Scala Algebird Abstract Algebra, Monoid, Monads

Recently I came across scala Algebird.  Well there are not too many of good descriptions of it but the following is awsome.

It starts by explaining why add is actually awesome.  We have a stream of numbers we don't need to remember anything we just remember the total which is a single number.  So a single number a property of infinite number of numbers.

Add is awesome also because we can split the stream of numbers to multiple boxes and we can just sum the sum of all boxes, great, cluster.

Associativity, Commutativity, no need to extend explanation on this. Associativity is what lets us have multiple boxes.  Also as we send only the totals over the network its a small thingy to send over network.

now what if we track max and not add? do we need to write the whole logic for max again? actually we will find out that if we can tranform from add --> max then we can reuse the add! a whole box of operations now can be done using only add you just need to learn how to transform from add to max or any other function here (which withstands the rules described below) and we are good to go.

its not just a standard abstraction its a monoid abstraction aha!

the properties we had here are that we have 0 item, (they are ignored for add) grouping doesnt matter (associativity) commutativity, takes input of two nubmers and generates 1.
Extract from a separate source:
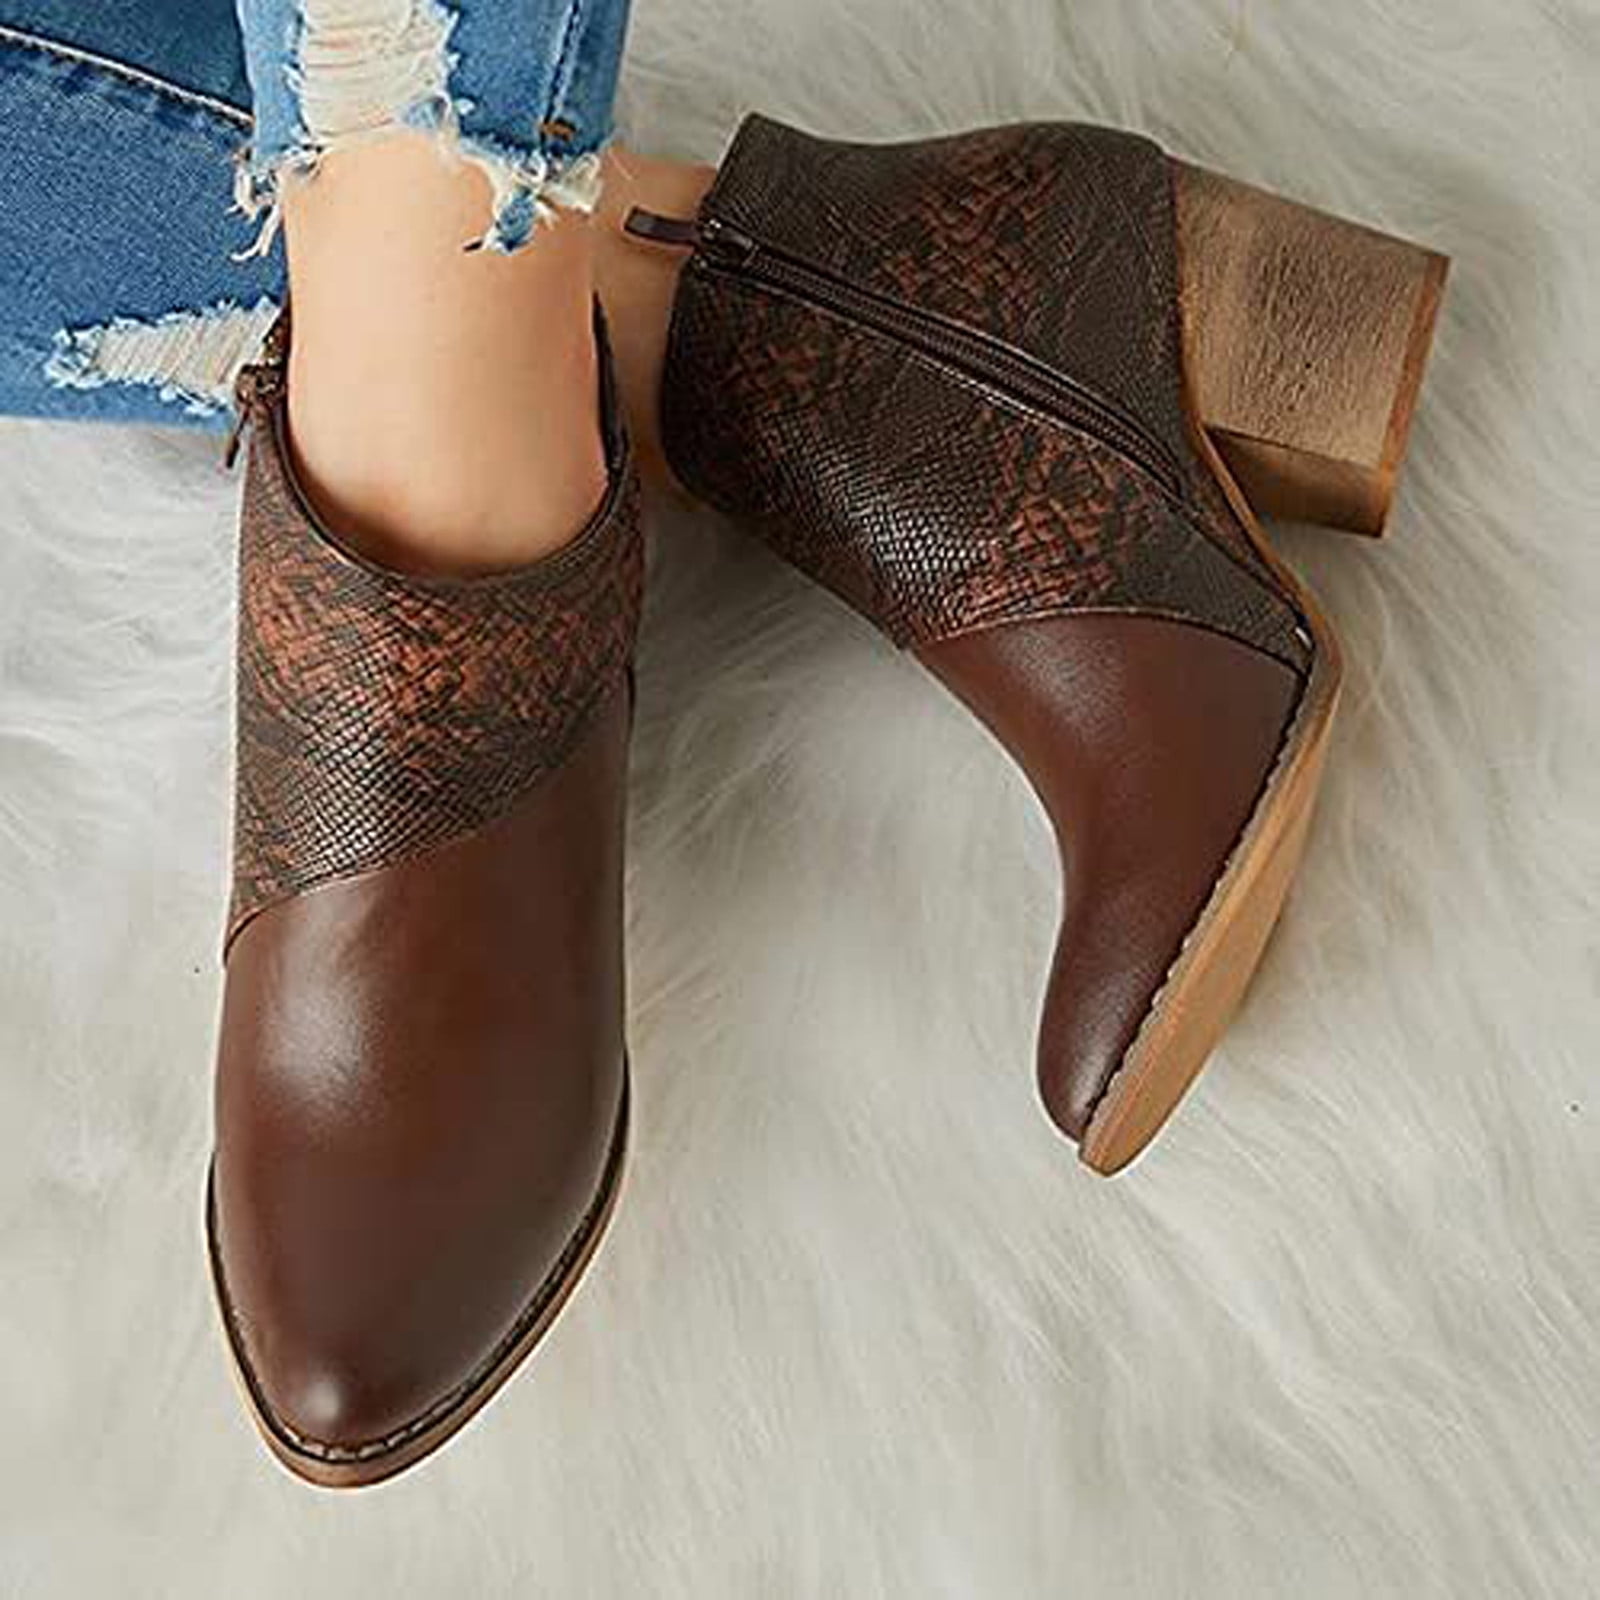 Womens Lace Up Riding Boots Comfy Faux Leather Fashion Patchwork Square Toe Mid-Calf Boot Shoes for Women Medium Chunky Heel Booties Side Zipper

and here we just defined a commutative monoid .

now if you want average you again transform to pairs (vectors) of weight and value and then transform back to the avg number for presentation.

and here comes a stream of monoids

unique values monoid
avg monoid
histogram monoid
frequency monoid

hmmm and a very nice way to find unique values without remembering all the input items, we just hash them and use the property that the avg distance between two items would be 1/e - 1 and thus we can just see that the expected value to the first item is the number of unique items.  to get better results we can hash multiple times each item.  This is called either the min hash signature or HyperLogLog or Bloom filters where we do vector max operation on them.

these are all basically the same idea tweaked for the specific problem domain.

and you see unique values can also be aggregated like add! add is really awesome!

alice: 1, bob: 1, alice: 1 => {alice: 2, bob: 1}
again we can hash the items into a contained limited set of buckets and project it down into this smaller space.

so alice: 1 => [0,0,1,0] we are limited here by 4 buckets.